Namun di balik popularitasnya, vape mulai menjadi perhatian serius dari Badan Narkotika Nasional atau BNN. Menurut BNN, banyak pengguna vape yang tidak mengetahui kandungan cairan atau liquid yang mereka gunakan. Beberapa hasil penelitian bahkan menemukan adanya cairan vape yang positif mengandung narkotika sehingga sangat berbahaya bagi kesehatan dan masa depan generasi muda.

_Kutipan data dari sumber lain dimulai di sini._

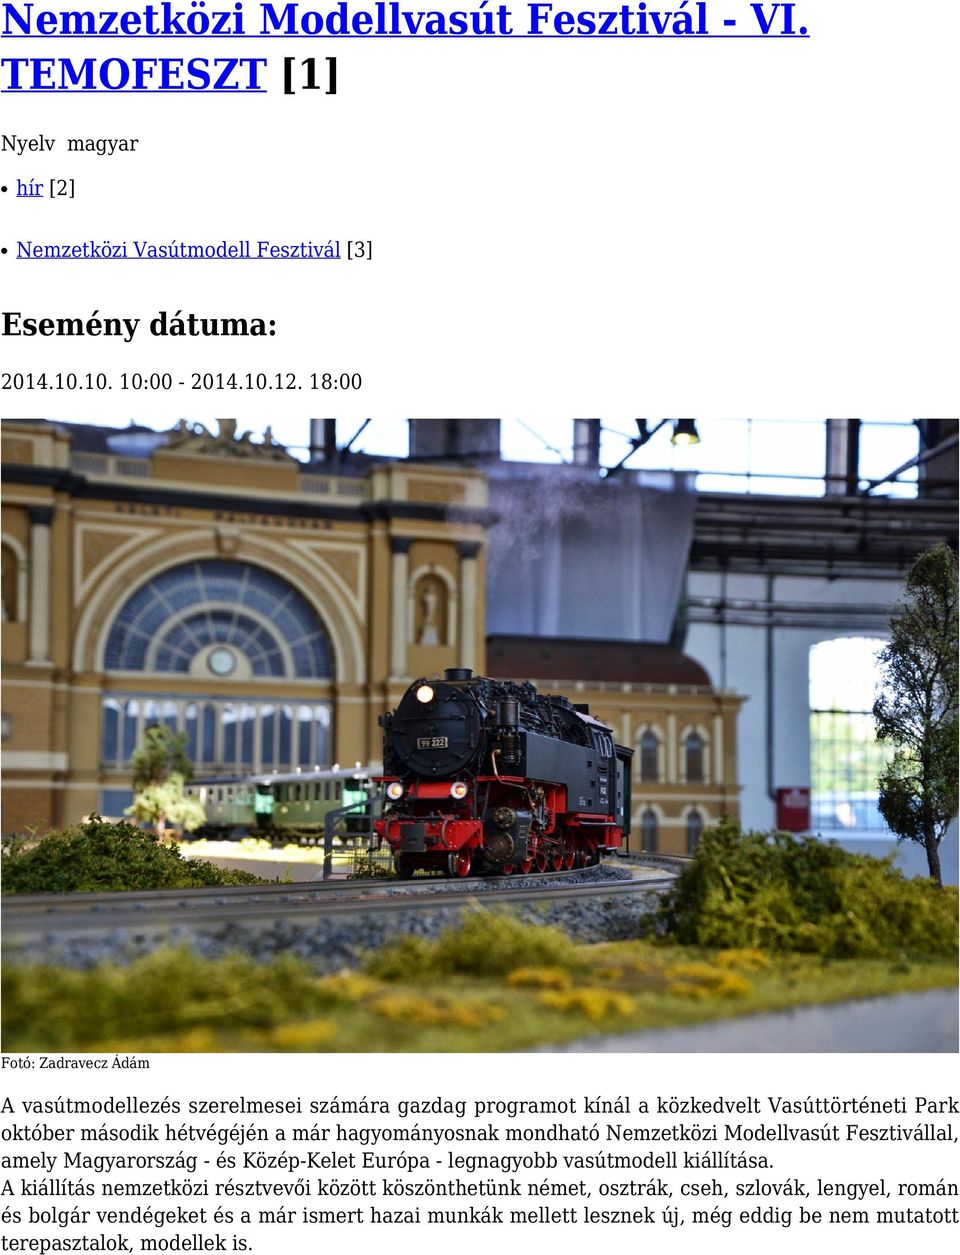 mondható Nemzetközi Modellvasút Fesztivállal, amely Magyarország - és Közép-Kelet Európa - legnagyobb vasútmodell kiállítása.

“Bahaya vape tidak hanya soal kecanduan nikotin, tetapi juga potensi penyalahgunaan narkotika. Generasi muda harus berpikir kritis dan mulai mengurangi penggunaan vape. Jangan sampai tren sesaat justru merusak masa depan,” ujar Budi Hariyanto, S.E., M.M, Katim Pencegahan BNN Kota Batu kepada RRI, Sabtu (9/5/2026).

Melalui berbagai kegiatan sosialisasi, BNN terus memberikan edukasi kepada masyarakat tentang bahaya penyalahgunaan vape yang mengandung zat berbahaya hingga narkotika. Tim pencegahan BNN aktif turun langsung ke sekolah, kampus, instansi pemerintah, hingga komunitas masyarakat. Edukasi dilakukan melalui media sosial, televisi, baliho, hingga tatap muka agar masyarakat semakin sadar terhadap risiko penggunaan vape.

google-preference

Rekomendasi Berita

Berita Terbaru Lainnya

Memuat berita terbaru.....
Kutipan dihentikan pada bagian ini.